GB-Les politiques pourraient se saisir de l'affaire des taux de change

vendredi 14 novembre 2014 15h25
 

par Kirstin Ridley et Matt Scuffham

LONDRES, 14 novembre (Reuters) - Des dirigeants de banques et des responsables de l'autorité de régulation du secteur financier en Grande-Bretagne pourraient être convoqués devant une commission parlementaire britannique pour s'expliquer publiquement sur le règlement annoncé mercredi au sujet des soupçons de manipulation des taux de change.

Alerté par des informateurs, le régulateur britannique a enquêté pendant plusieurs mois sur des soupçons de manipulation du marché des changes, en grande partie non réglementé et qui brasse environ 5.300 milliards de dollars de transactions quotidiennes.

Avec ses homologues suisse et américaine, la FTA a imposé mercredi des amendes d'un montant total de plus de 4,3 milliards de dollars (3,4 milliards d'euros) à six banques, dont deux britanniques, HSBC et RBS.

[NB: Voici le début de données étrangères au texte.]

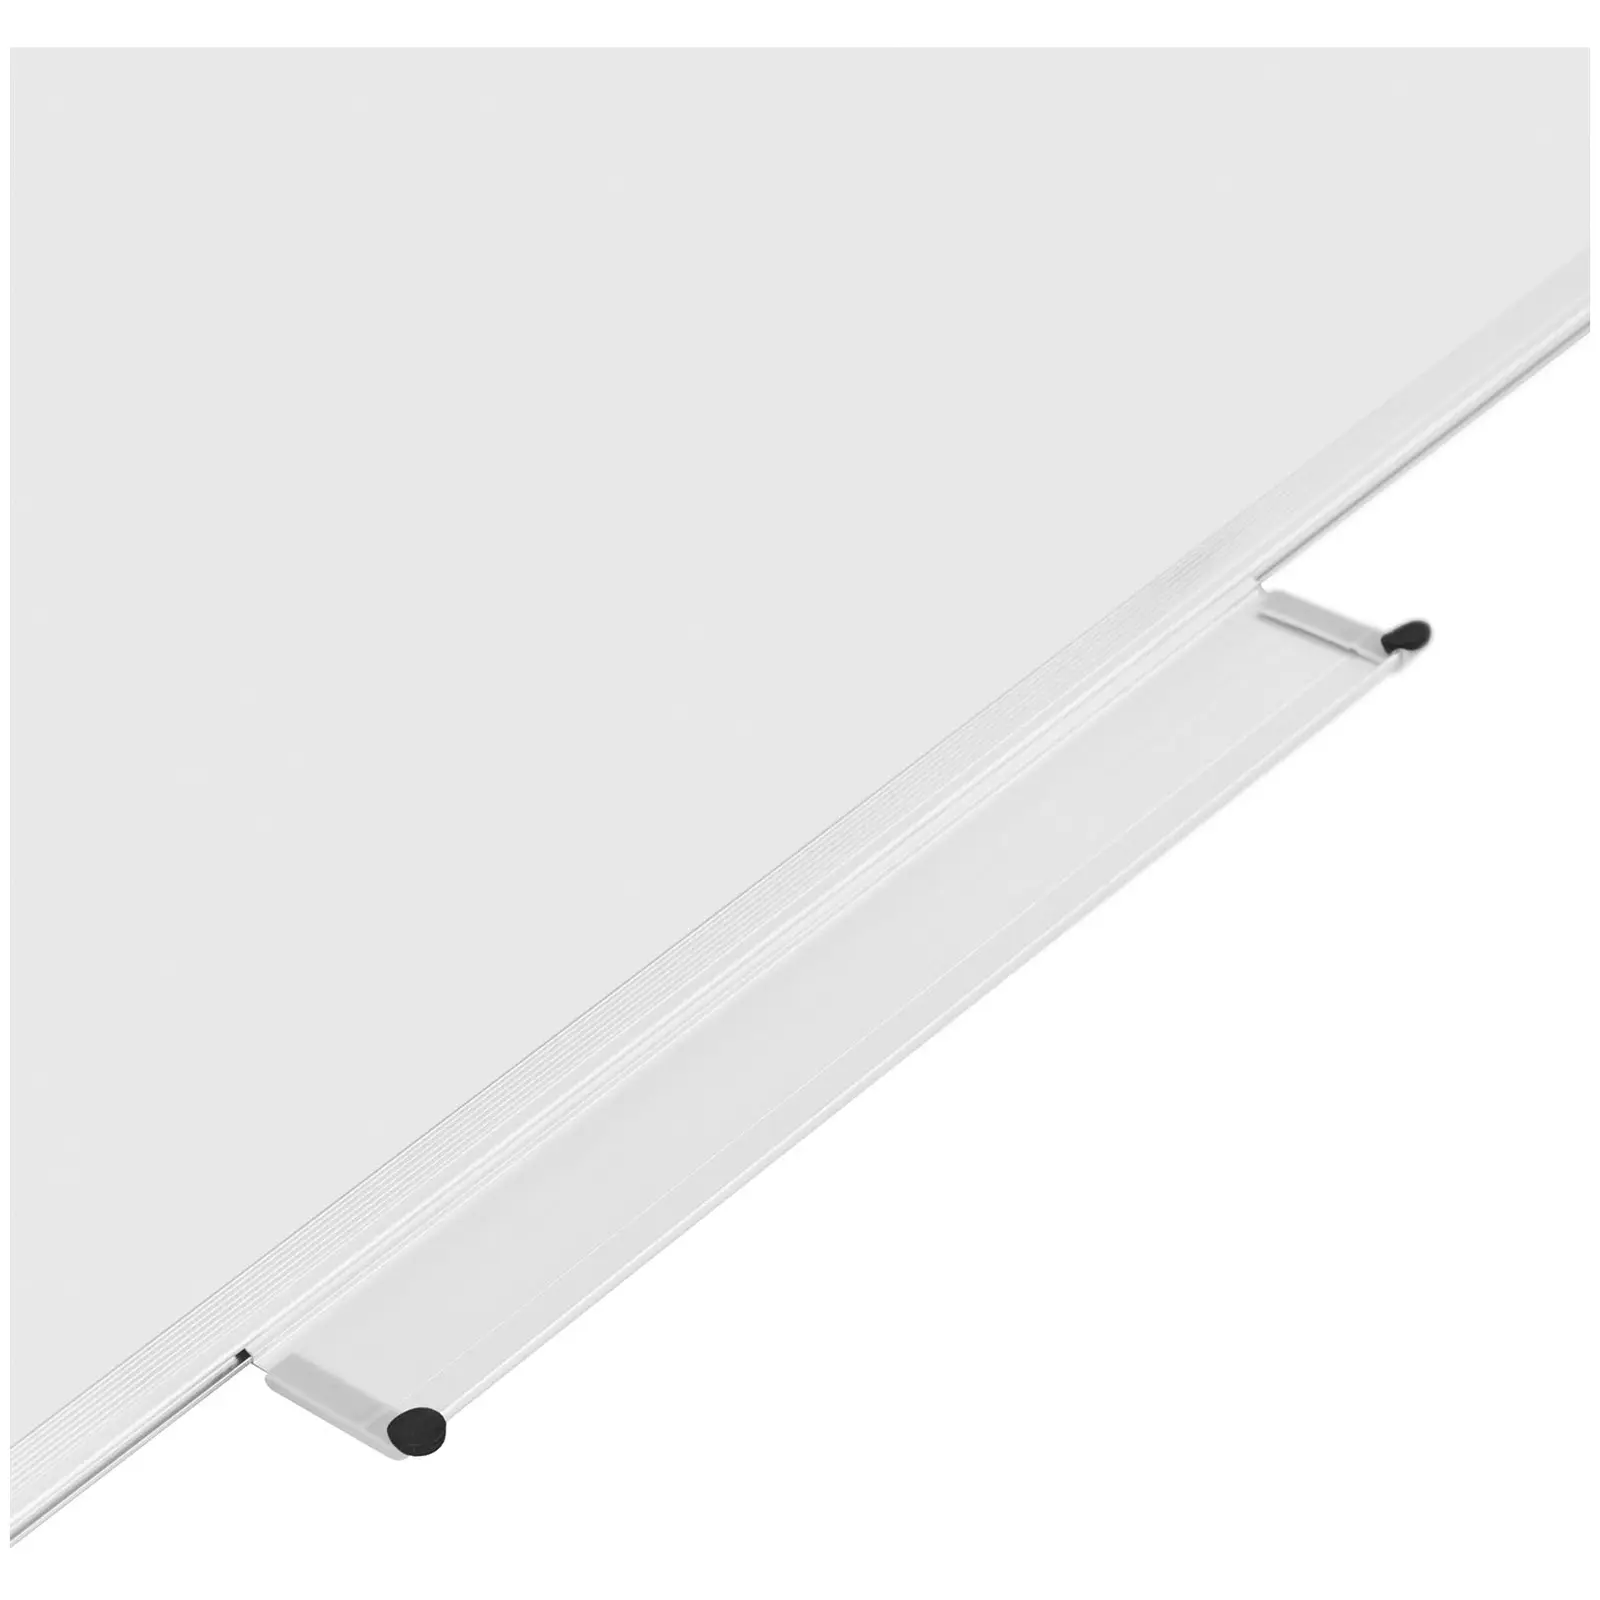 Whiteboard - 60 x 45 cm - magnetická
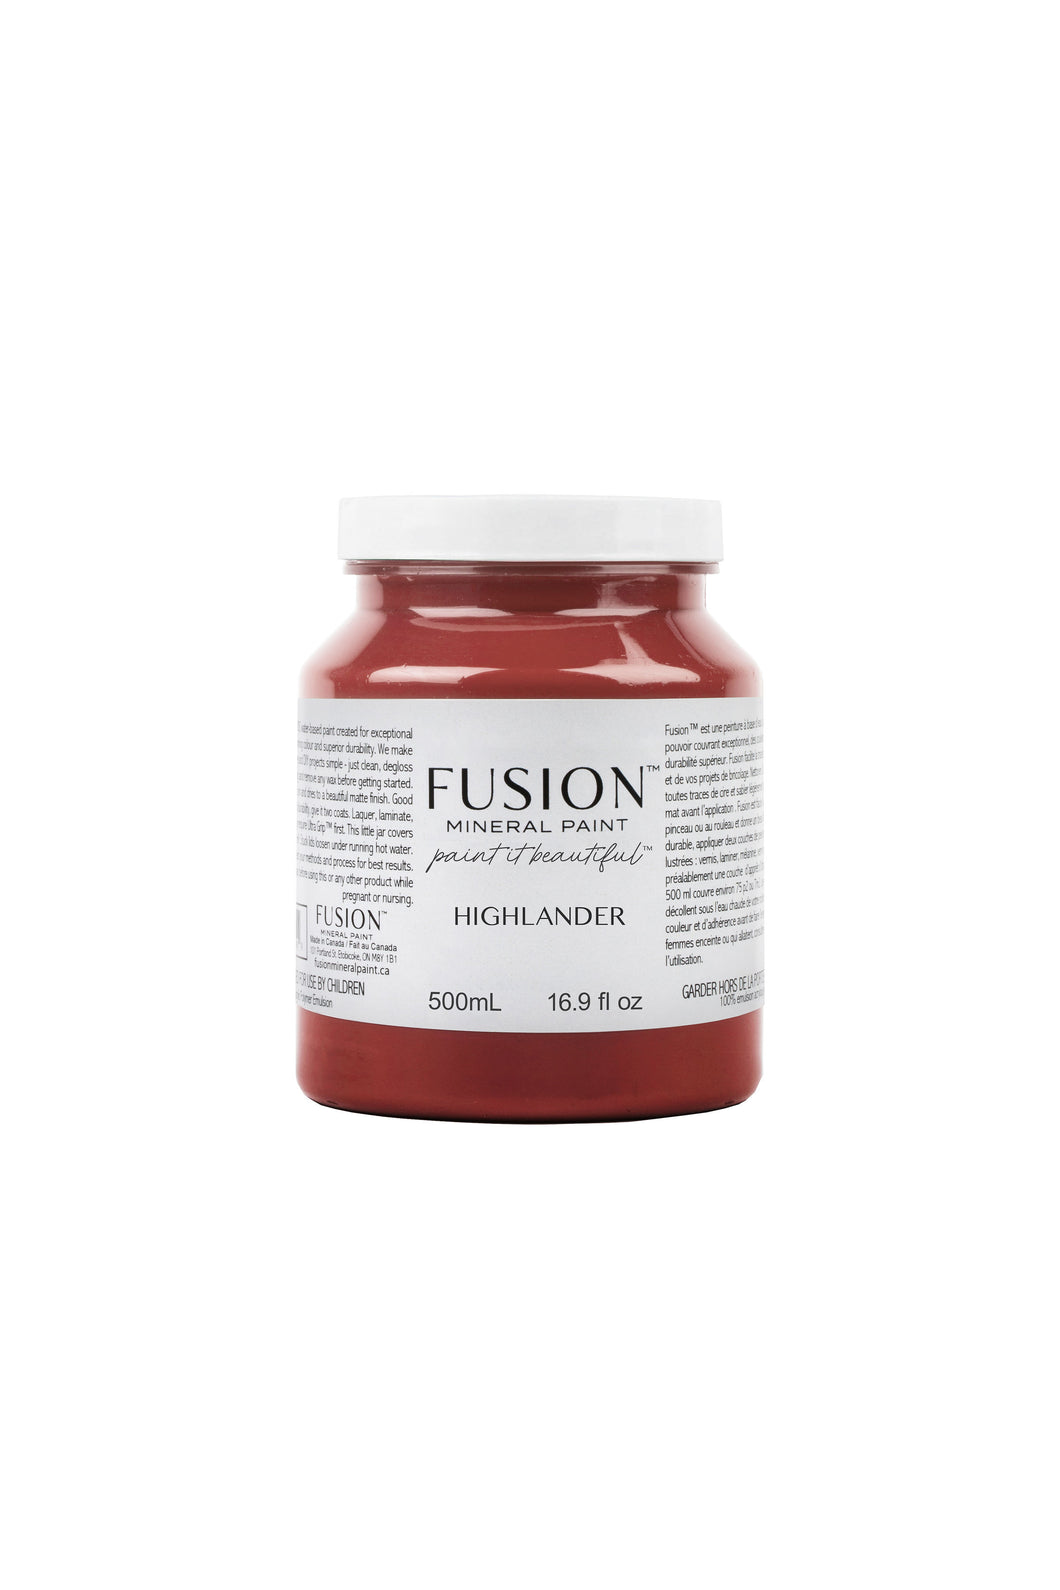 Fusion Mineral Paint - Highlander 500 ml Jar

Ces amendes n'ont toutefois pas éteint les interrogations sur le déroulement de l'enquête de la FTA ni sur le montant des pénalités susceptible de modifier effectivement la culture des intervenants sur les marchés financiers, jugés par une partie de l'opinion responsables de la crise de la fin des années 2000.

La commission du Trésor britannique (TSC), composée de parlementaires de tous bords, décidera la semaine prochaine d'organiser ou non des auditions sur cette affaire, a-t-on appris de sources politiques.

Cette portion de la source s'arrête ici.